Il giorno dopo mi devo alzare molto presto, in quanto ho il turno del mattino, ed essendo molto lenta a ingranare ho bisogno di alzarmi almeno un'ora prima, per darmi una rinfrescata, vestirmi e fare colazione. Anche Daniel ha degli orari abbastanza pesanti, ma per lui non è un problema (è sempre stato un appassionato di computer, quindi quando è stato assunto in questa azienda era felice... il sogno della sua vita si era realizzato in pieno), in quanto è il responsabile del reparto informatico alla Tec Enterprise. Nello specifico i suoi dipendenti si occupano di creare nuovi software, che vengono poi impiantati nel “corpo” del robot, che viene poi assemblato in un altro reparto. Per andare al lavoro prendo sempre la metropolitana perché l'ospedale è vicino a casa, difatti si trova solo a pochi isolati di distanza. Cosa che torna molto utile, così non ho bisogno dell'auto, infatti non ne ho mai voluto comprare una.
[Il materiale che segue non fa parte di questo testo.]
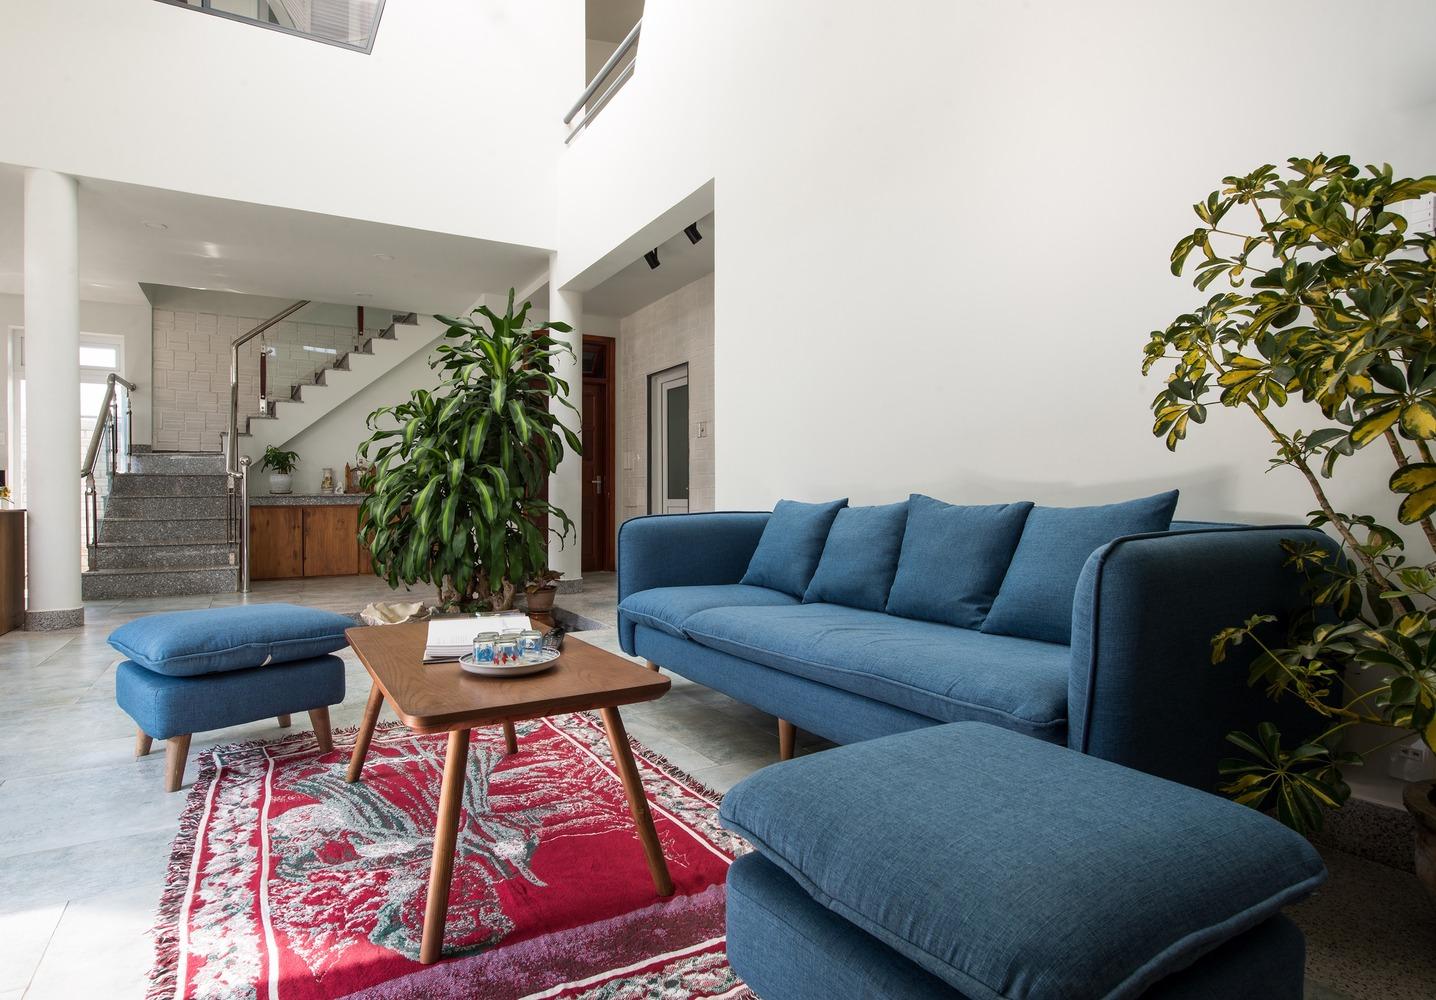 Ở giữa phòng khách, cây xanh được đặt thêm để tạo cảm giác mát mẻ.
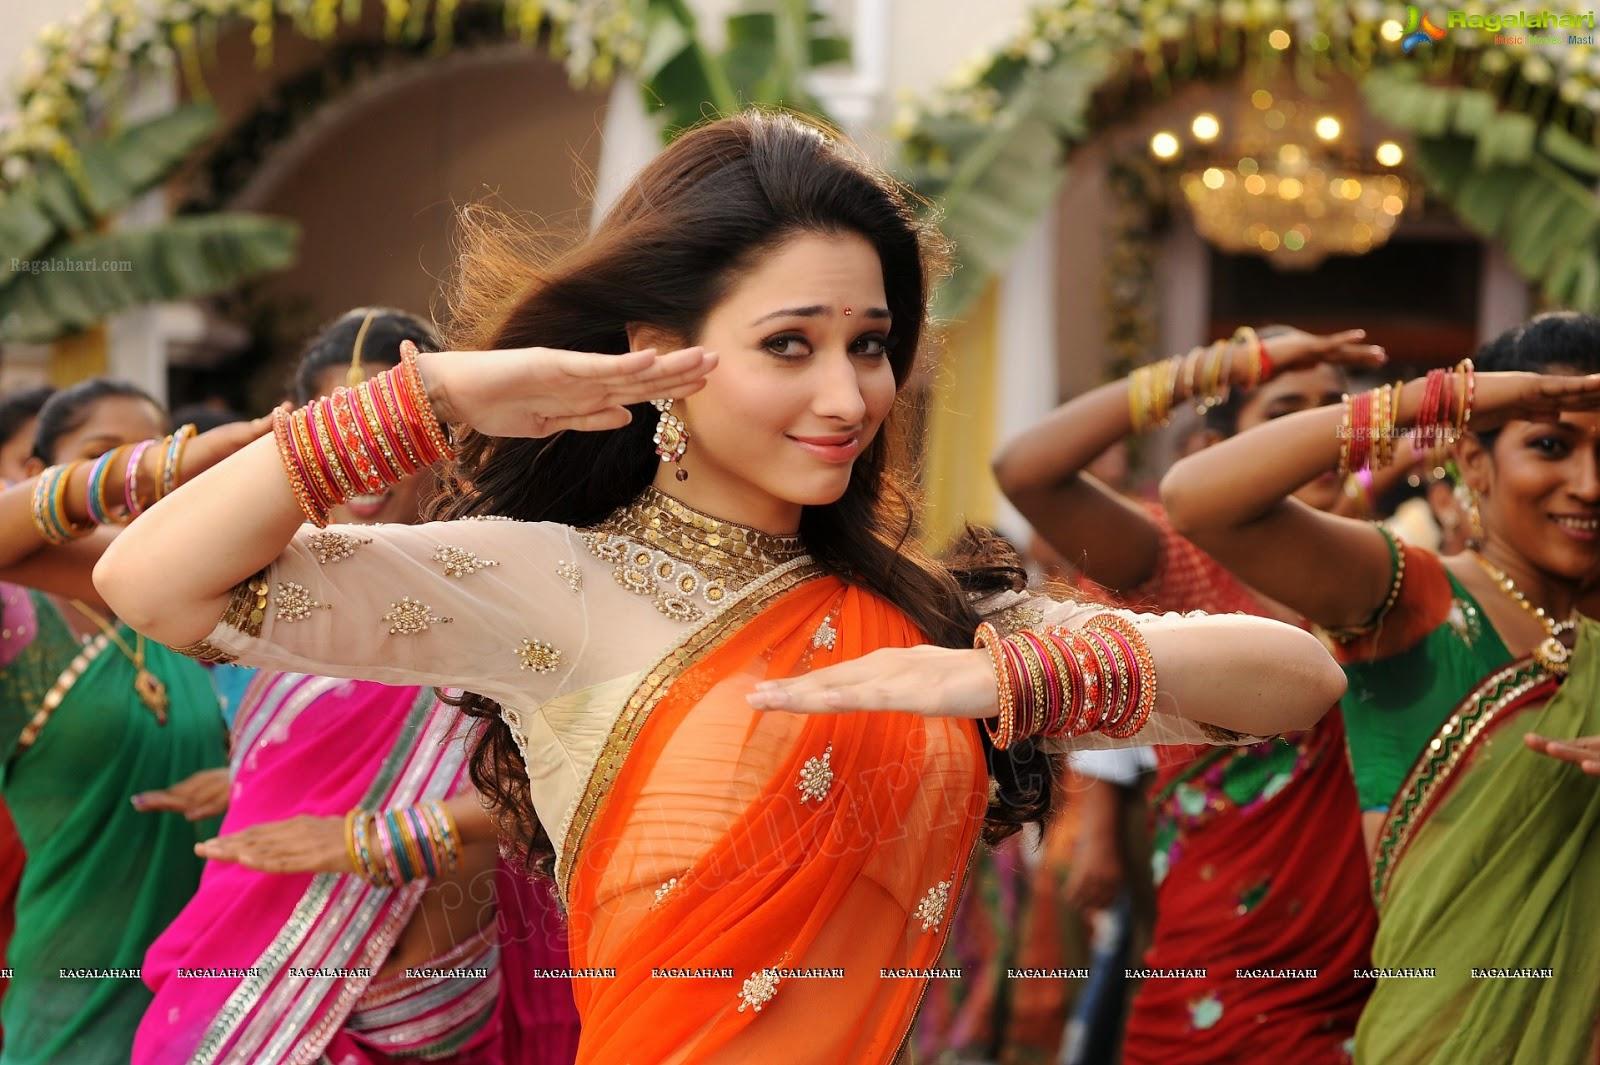 Tamanna Bhatia In Saree: Indian Garam Masala: Tamanna Bhatia Orange Half Saree Hot
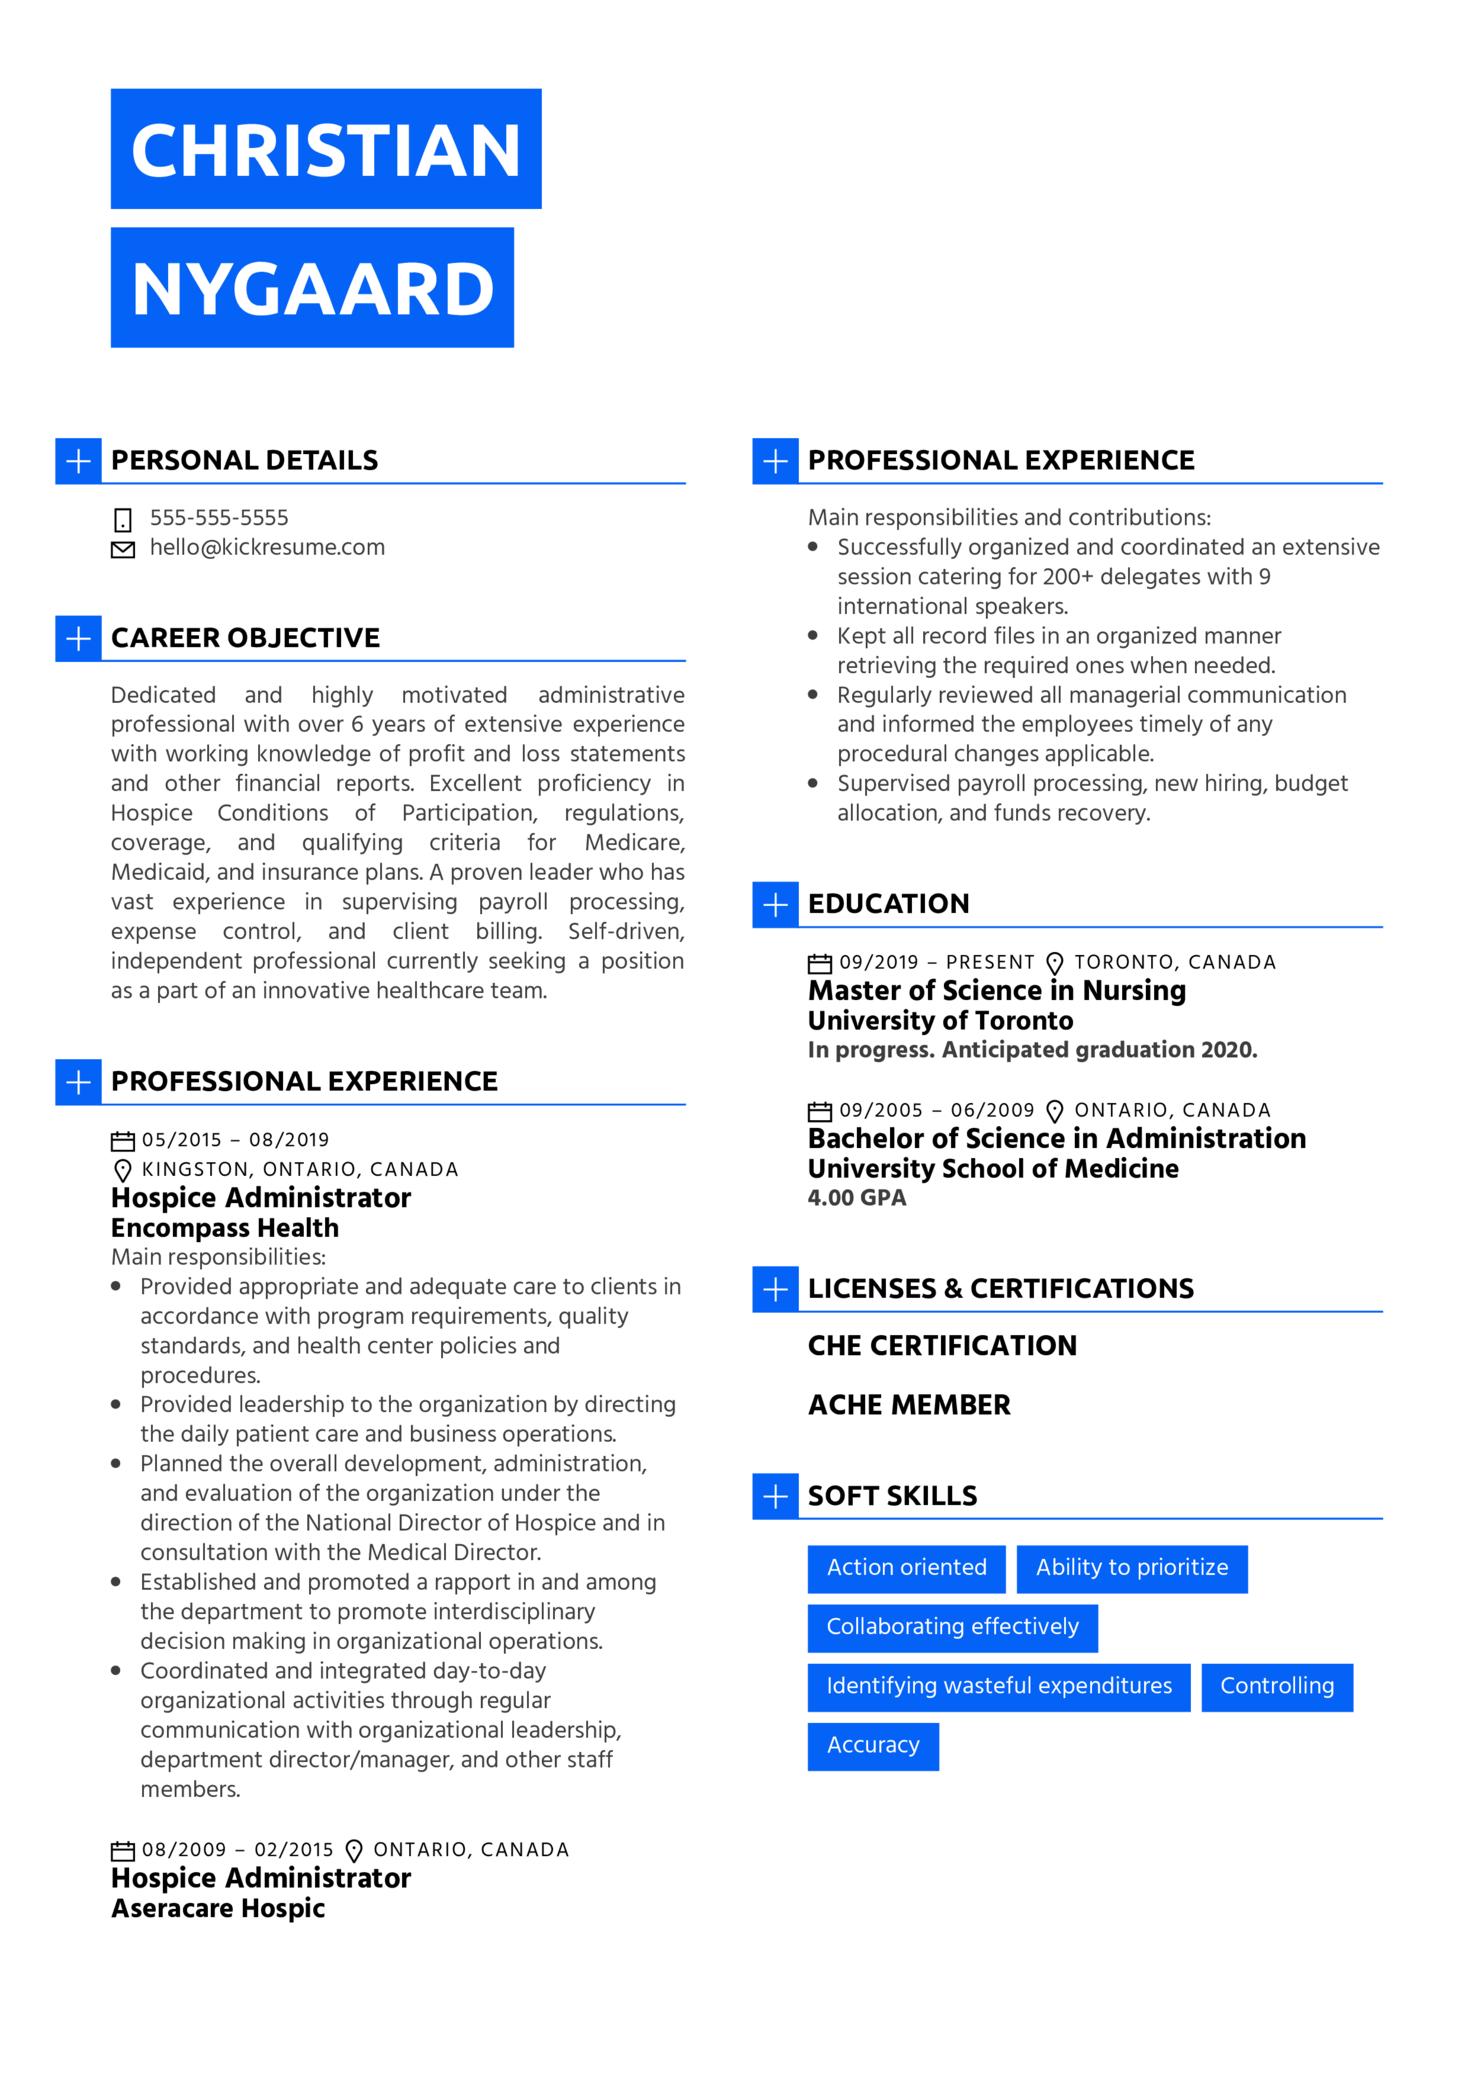 Hospice Administrator Resume Sample (časť 1)

Quando arrivo alla fermata della metro, il treno non è ancora arrivato, evidentemente sono in anticipo sulla tabella di marcia. Ma non devo aspettare molto, dopo pochi minuti ecco arrivare il convoglio che si ferma a pochi metri da me. Prima di salire ci sono dei robot programmati che controllano i biglietti olografici, proiettati tramite i dispositivi al polso, di ogni singolo passeggero, e anch'io mostro loro il mio. Dopo neanche tre minuti eccomi arrivata a destinazione: anche i treni, come gli aerei e le auto, vanno a una velocità sorprendente. Entro all'interno dell'edificio, un complesso in plastica e acciaio enorme composto da cinque piani, due ingressi di cui uno riservato esclusivamente al pronto soccorso, un parcheggio sia coperto sia scoperto e un giardino sia per i pazienti sia per i parenti, dotato di panchine e tavoli all'ombra di alcuni alberi artificiali. Vado nel mio reparto di neurologia, al cui ingresso c'è la postazione delle infermiere – dove oggi è di turno Jennifer, una ragazza sui trent'anni, bionda con gli occhi azzurri e un fisico un po' rotondetto... ma non troppo, che mi saluta con un gran sorriso, come fa tutti i giorni da quando la conosco. Non a caso è la mia preferita.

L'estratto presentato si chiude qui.